One other highlight is “Something in the Way” (MP3), which pairs Sawai with vocalist Aco for a lovely bit of trip-hop that brings to mind how fruitful, not to mention natural, are the overlaps between hip-hop and experimental electronic music in Japan. There is also an inexplicable cover of Madonna’s “Material Girl.”
Early Clark MP3s
The latest album by Clark, Body Riddle (Warp), was preceded by a flurry of his own blogging promotion: three free downloads in quick succession at throttleclark.com; all of them were mentioned as part of the Disquiet.com Downstream.
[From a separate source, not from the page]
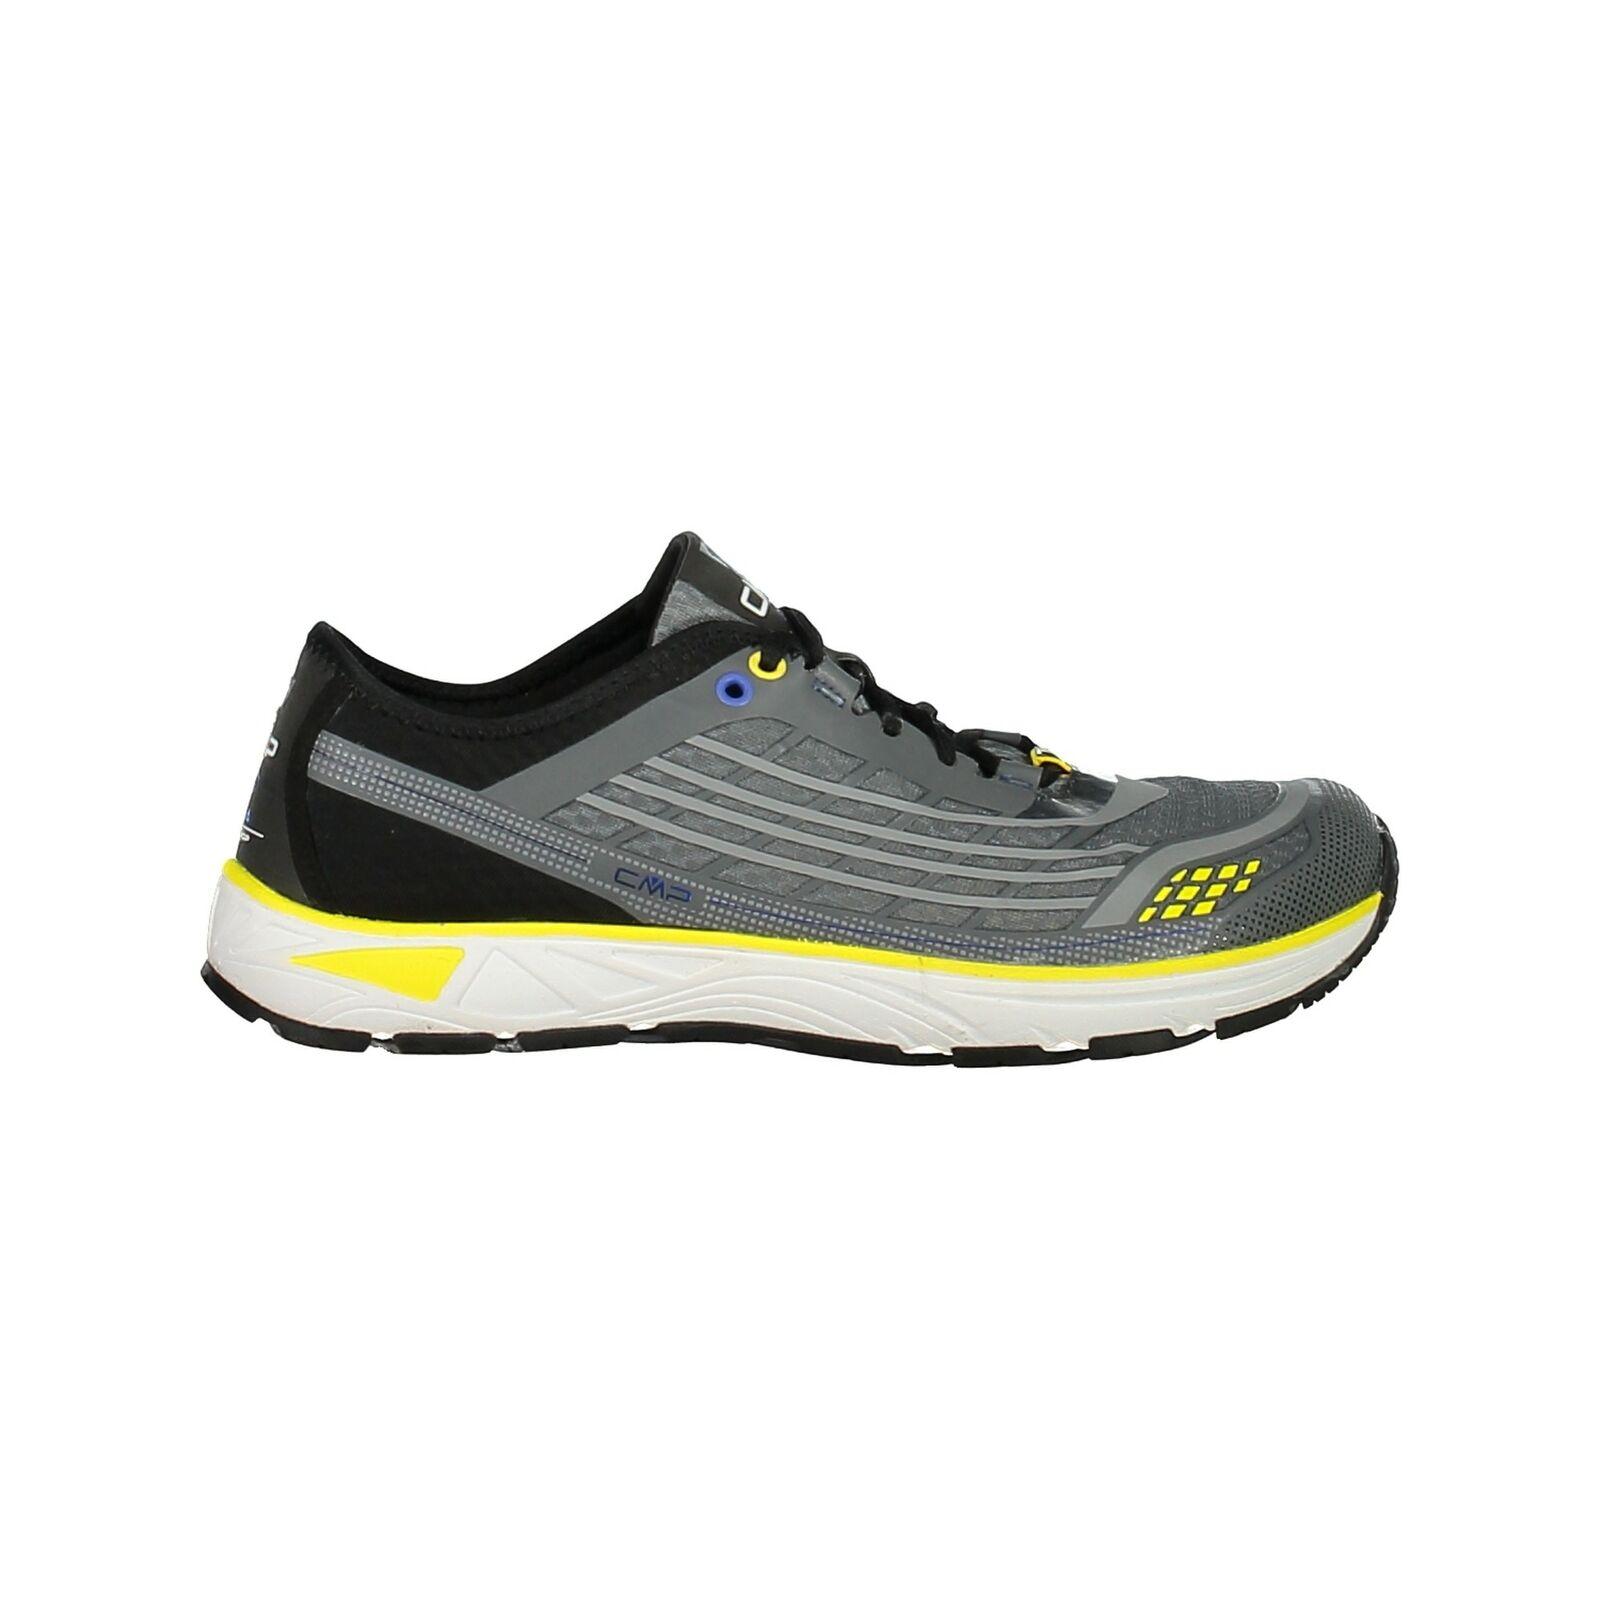 CMP Scarpe Da Corsa Scarpe Sportive libre running scarpe grigio leggermente tinta mesh

A model Warp Records musician, he torques rhythms until they bleed melodies and enjoys the pliant space between abstraction and danceability. Over at his myspace page (myspace.com/throttleclark) are a handful of additional tracks, two of ’em downloadable, one from 1998 (MP3), the other from 2002 (MP3). The former is elastic and fuzzy, the shifting give’n’take percussion of drum’n’bass filtered through a minimal-techno sound pipe, all compressed and tensile. The latter is more vibrant and chaotic, with a gooey, chiming lead line amid the drummy madness. It closes on a snippet of what sounds like TV theme music, which in this context brings to mind the great Throbbing Pouch of Wagon Christ, which in 1998 may well still have been ringing in Clark’s ears.
Sparkly MP3s
All the music, none of the dank. Three days of experimental music went down in Glasgow at the Arches back in mid-October of this year, under the broad banner of the Instal festival, and much of it has been uploaded for free download. One highlight (well, two) is a pair of pieces by Lee Patterson, both performed on October 14. Judging by a small photo on the Instal site, the 15-minute “Sparklers” was recorded with just that, the safe firecracker alternative miked for all its fizzy complexity (MP3). Patterson’s “Table Top Set” has a more diverse pallette, including “syrup, tiny bottles and boiling water” (MP3). More info at arika.org.uk.
Japanese “Room” MP3
Alvin Lucier’s “I Am Sitting in a Room” is one of the cornerstones of electronic music. Dating from the late 1960s, it is more a process than a composition. Famously, Lucier recorded the phrase “I Am Sitting in a Room,” then played it back, recorded that, and so on, the phrase dissolving as if in successive generations of photocopies.
More to the point, Lucier’s piece solidified the idea of process as composition. Earlier this year, Japanese artist Kanta Horio applied “I Am Sitting in a Room” to the feedback created by flat panel speakers (MP3). Information is posted at Horio’s blog (kanta.but.jp/blog). The track, in which near silence slowly becomes a woozy pile of circulating noises, speaks for itself. But a friend of mine was gracious enough to do a rough translation of Horio’s blog entry:
“Feedback with flat panel SP / Feedback experimentation using the flat panel speakers / [The set up] looks really desolate [lit. ‘cold colors’] but it was really [literally] so cold that my feet lost sensation. / I simply let it emit ‘feedback,’ using [a system programmed in] Max/MSP that resembled ‘I am sitting in a room.’ I didn’t process the seams between recording and playing well enough, so you hear some static, or noise, but I did various experiments. It was cool that the metals being heated up in the air conditioner made sounds from time to time. / This is the version started from no sound (3.2MB). / BTW, this but.jp [web address] is on a server that I rented from a company called lolipop. But no matter what browser I use, I cannot log into the page where I can make the payment from my Mac. The trial period is going to end soon!” More info, albeit largely in Japanese, at media.t-kougei.ac.jp/~horio/.